Один снова уставился на приемного сына.
– Я прекрасно знаком с магией ледяных великанов. Она способна на многие чудеса, но создать подобную броню ей не под силу.
Локи пожал плечами:
– В последнее время они совершали набеги на Норнхейм. Может, эта броня – один из трюков Карниллы, а великаны попросту украли ее.
– Возможно. Это бы объяснило, почему она внезапно перестала работать посреди битвы, даровав Тору победу.
– Это определенно отличное объяснение! – Локи хлопнул в ладоши. – Что ж, отец, я ценю, что ты решил заскочить и просветить меня касательно последних событий в жизни Асгарда. Заходи в любое время.
– Так что же, тебе нечего сказать касательно кампании Хрунгнира против Всевечного царства?
– А что я скажу? Я сижу взаперти в четырех стенах, Хеймдалл мне свидетель.
Один кивнул.
– Хеймдалл и в самом деле подтверждает: он не видел, чтобы ты куда-то отлучался.
– Ты что же, не доверяешь мне, отец? – с улыбкой спросил Локи.
– А у меня есть причины верить тебе, сын мой? – печально спросил Один.
Несколько секунд они сверлили друг друга взглядами, и на этот раз именно Локи отвел глаза от раздражающего облика отца.

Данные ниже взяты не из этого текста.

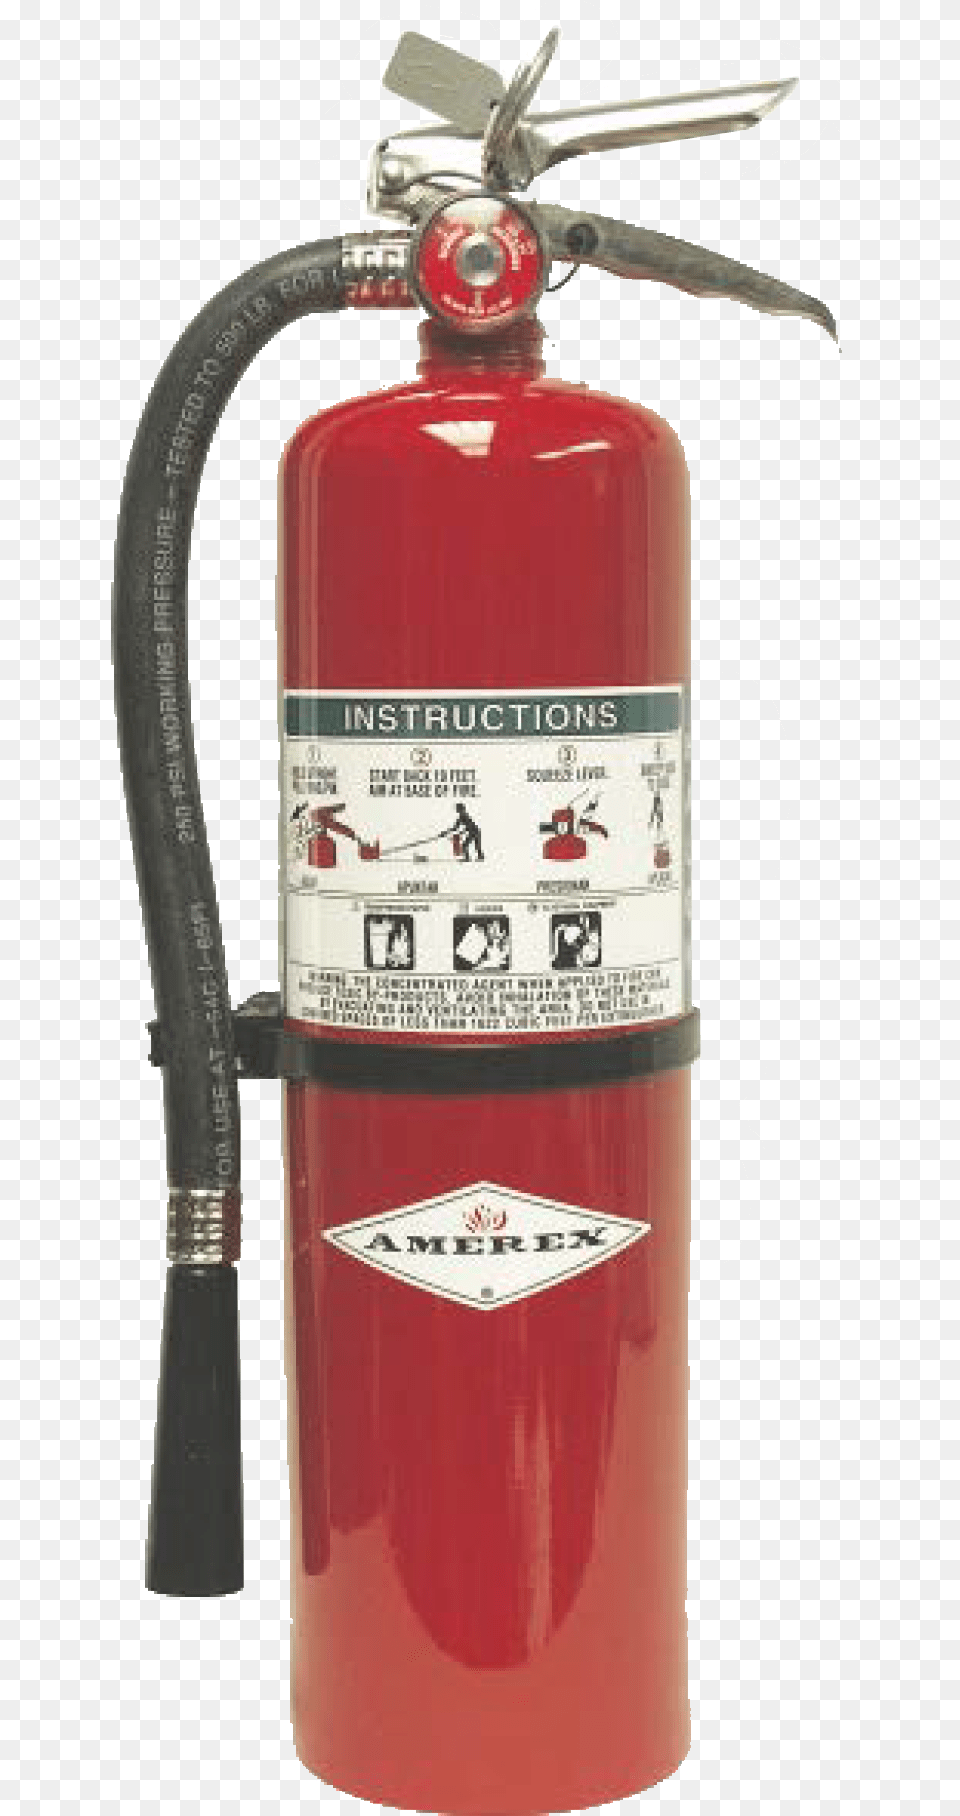 Amerex Halon Fire Extinguishers Halon Fire Extinguisher, Cylinder, Gas Pump, Machine, Pump Free Png Download

– Я заметил, что ты не поинтересовался состоянием Тора.
– Он сразился и победил. Его состояние не имеет значения, потому что он все еще жив, в противном случае ты бы начал свою речь с этого конкретного откровения. Тор силен, а у Асгарда лучшие лекари во всех Девяти Мирах. Я уверен, что он скоро оправится и снова начнет мне надоедать.
– Меня печалит, Локи, когда я вижу, что вся та любовь, которую к тебе питает Тор, возвращается в его сторону плевком в лицо.
Вернувшись к креслу, Локи уселся в него. В конце концов, Один был не единственным, кто предпочитал занимать завышенную позицию при встречах с посетителями.
– Отец, ты помнишь время сразу после того, как изгнание Тора в Мидгарде подошло к концу? Он больше не был привязан к телу этого доктора-калеки на постоянных условиях, хотя и делил с ним существование. Ты был разочарован, потому что Тор влюбился в смертную женщину.
– Разумеется, я это помню, – мрачно ответил Один.
– Ты продолжал вызывать меня в тронный зал и спрашивать моего совета о том, как разрешить эту ситуацию. И всякий раз, как ты спрашивал моего совета, ты называл Тора «своим любимым сыном». Всякий раз ты называл его так и никак иначе. – Локи покачал головой. – Я надеялся, что твой маленький урок в смирении продлится по крайней мере до тех пор, пока этот Блейк не умрет от старости, но мне не повезло. А затем ты продолжил втирать соль в мои раны, раз за разом напоминая мне, что у тебя есть любимый сын, и это не я.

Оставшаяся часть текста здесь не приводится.